La transition est lancée. Les agriculteurs sont partis vers un nouveau système et d’autres vont peut-être rejoindre l’aventure à leur tour. Mais le projet Pepital va bientôt prendre fin. Or il est impossible de ne pas être aux côtés des agriculteurs. Ils se sont engagés dans un nouveau type de culture, il faut s’engager à les accompagner techniquement et durablement !
En savoir un peu plus sur la roça sem fogo :
Dans un contexte plus global, le Brésil est aujourd’hui le quatrième pays émetteur de CO² et a donc sa part de responsabilité dans le réchauffement climatique. Ces émissions importantes est en partie liée à l’agriculture sur brûlis pratiquée à large échelle par les agriculteurs et les éleveurs. De plus, ce type d’agriculture implique une déforestation incessante due à la demande croissante d’aliments et de biens de consommation.
Selon l’EMBRAPA (institut gouvernemental de recherche que nous allons rencontrer), 600 000 exploitations familiales en Amazonie peuvent potentiellement passer à une « roça sem fogo » et donc limiter la déforestation.
Le feu, l’utilisation de la chimie et les rotations de plus en plus courtes épuisent les sols et ses habitants. La vie du sol est pourtant le meilleur allié de l’agriculteur puisqu’elle aère structure, permet la mise à disposition des nutriments qui alimentent la plante ainsi qu'une meilleur infiltration de l'eau.
La « roça sem fogo » est une alternative pour produire tout en protégeant la nature. La technique est simple et repose sur des principes agroécologiques. Pour démarrer, l’agriculteur coupe la forêt tout en sauvegardant les espèces intéressantes. Il est important de laisser la biomasse coupée au sol pour l’alimenter. Il sera aussi enrichi par les plantes dites de couverture qui auront été plantées.
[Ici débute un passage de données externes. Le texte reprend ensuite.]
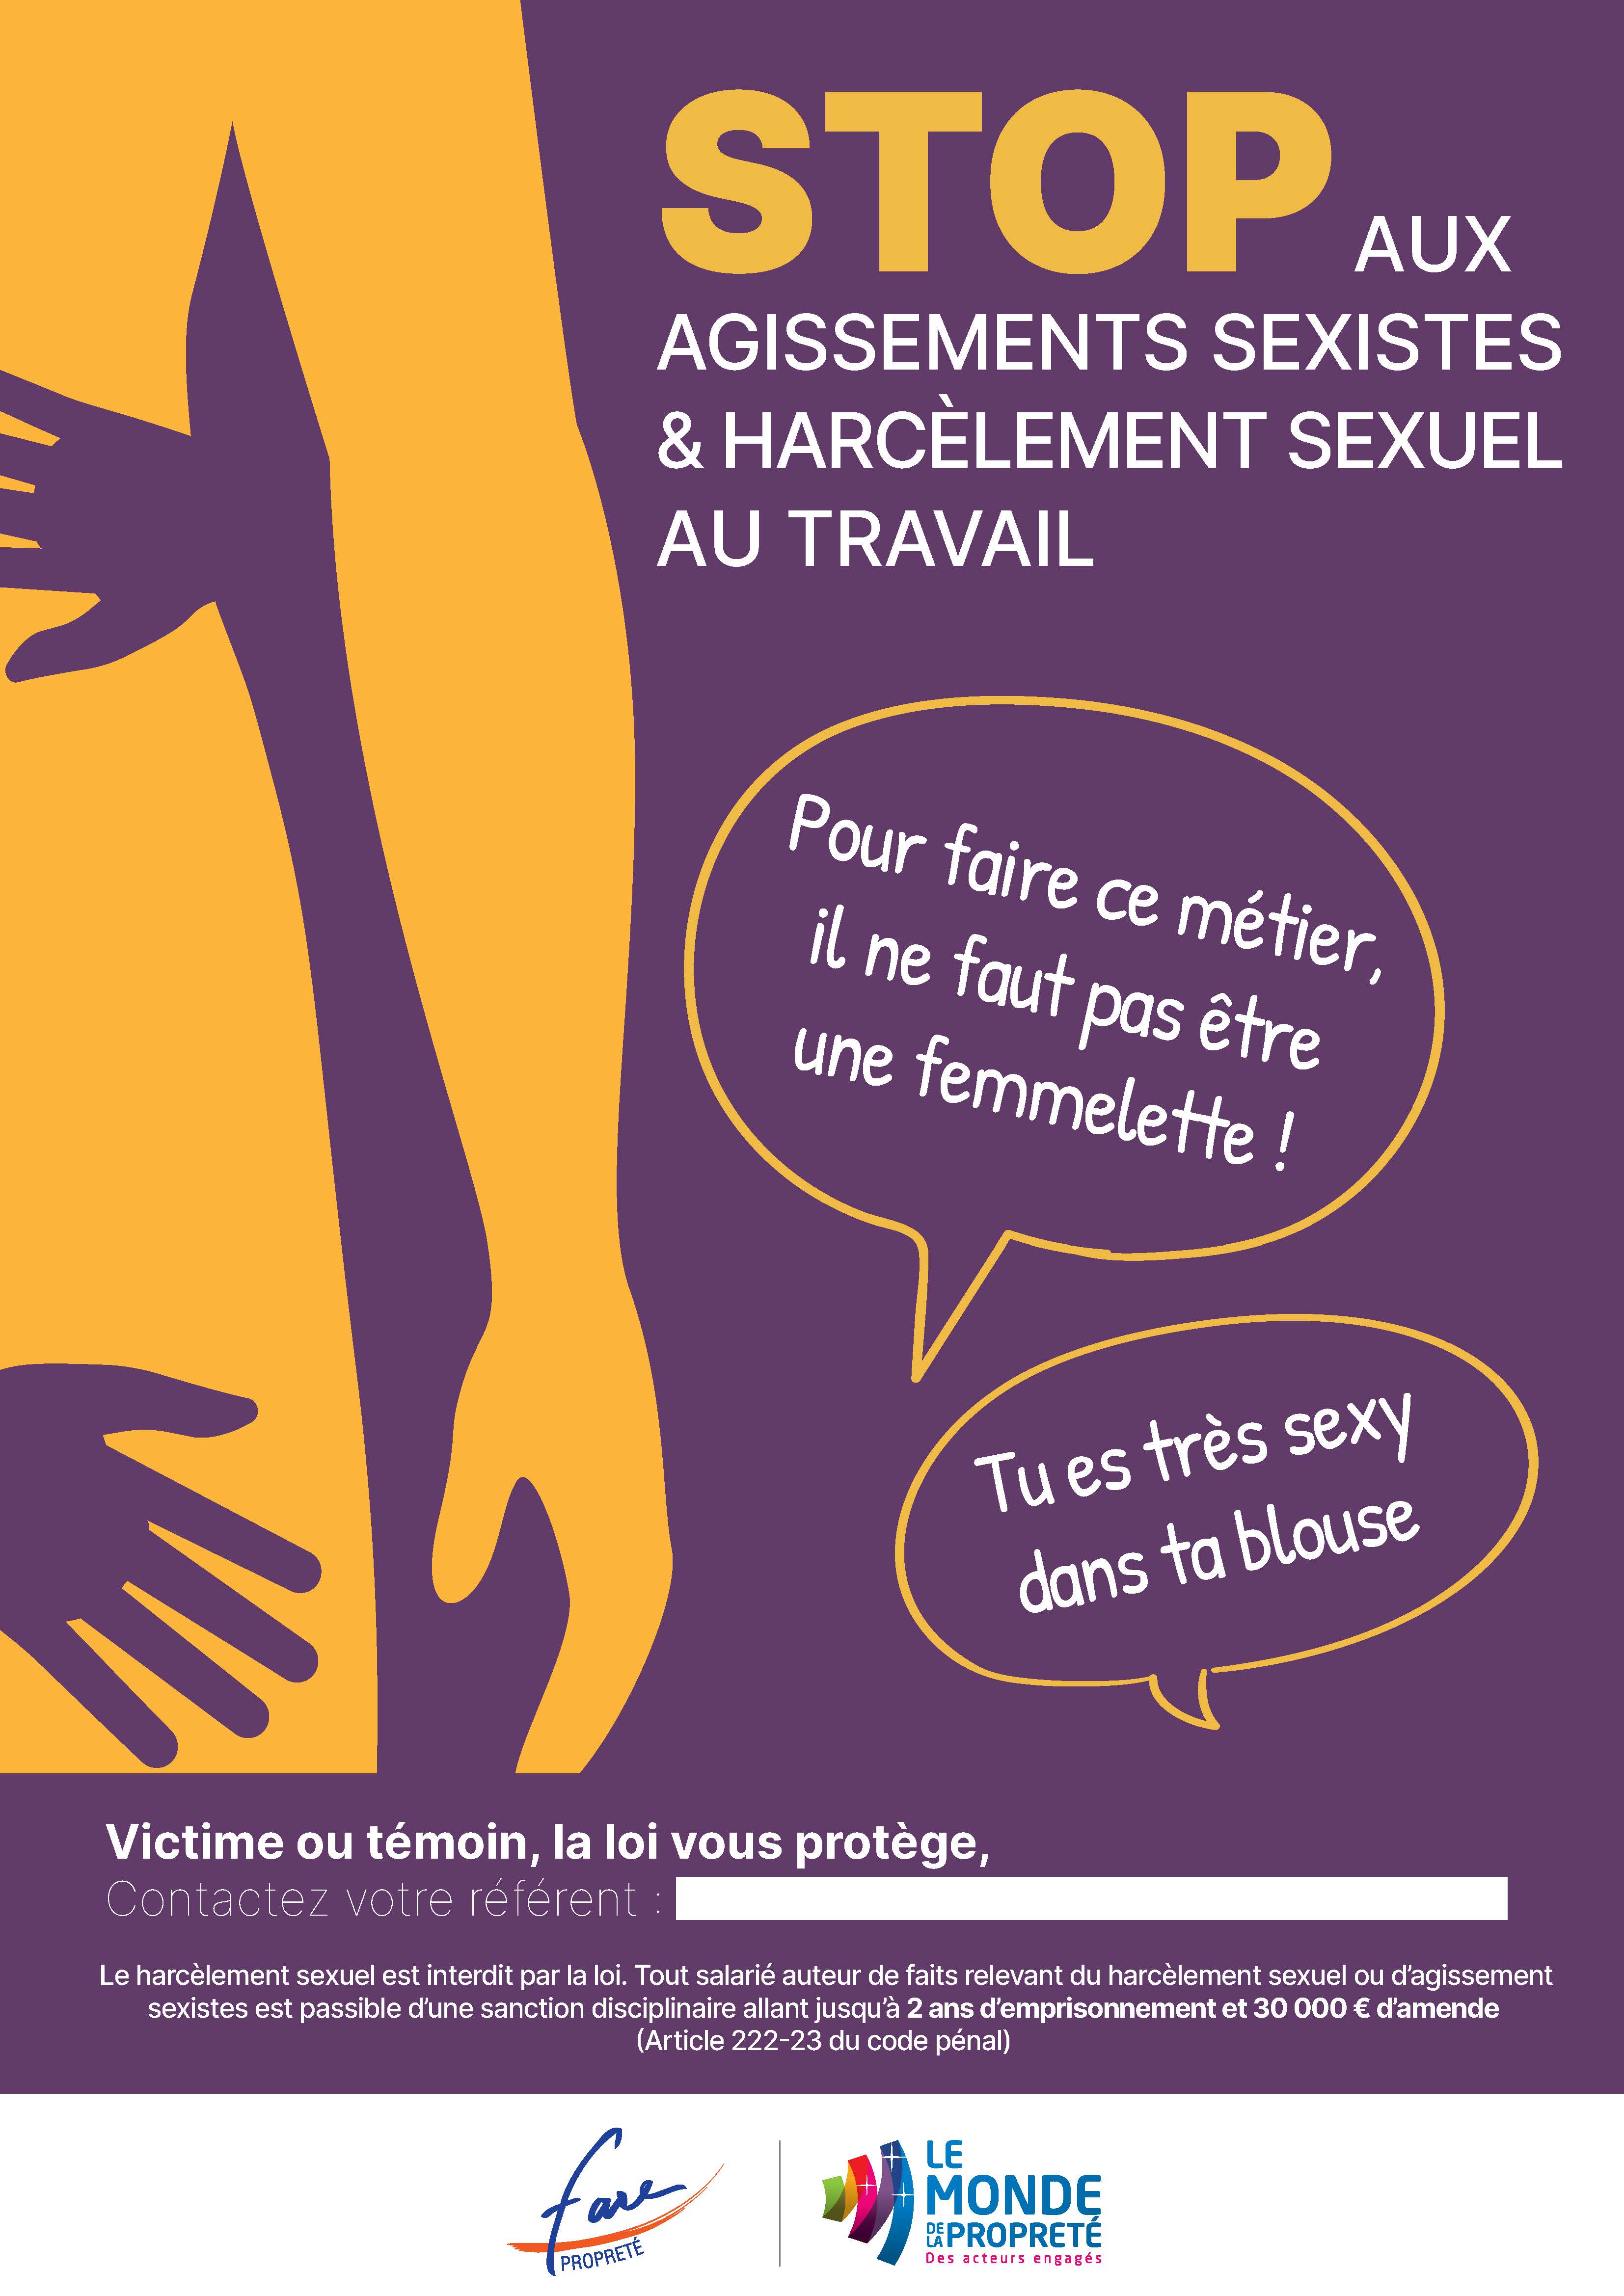 PANNEAU AFFICHAGE OBLIGATOIRE HARCELEMENT MORAL ET SEXUEL (A0520)

Ce sont des espèces qui produisent une biomasse importante : des espèces issues de la famille des légumineuses (haricots guandu, mucuna, inga entre autres pour cette région du monde) puisqu’elles ont la capacité de fixer l'azote de l’air. La vie du sol prend le relais, transformant tout cela pour permettre une bonne production.
Un gain pour le producteur, un gain pour la nature !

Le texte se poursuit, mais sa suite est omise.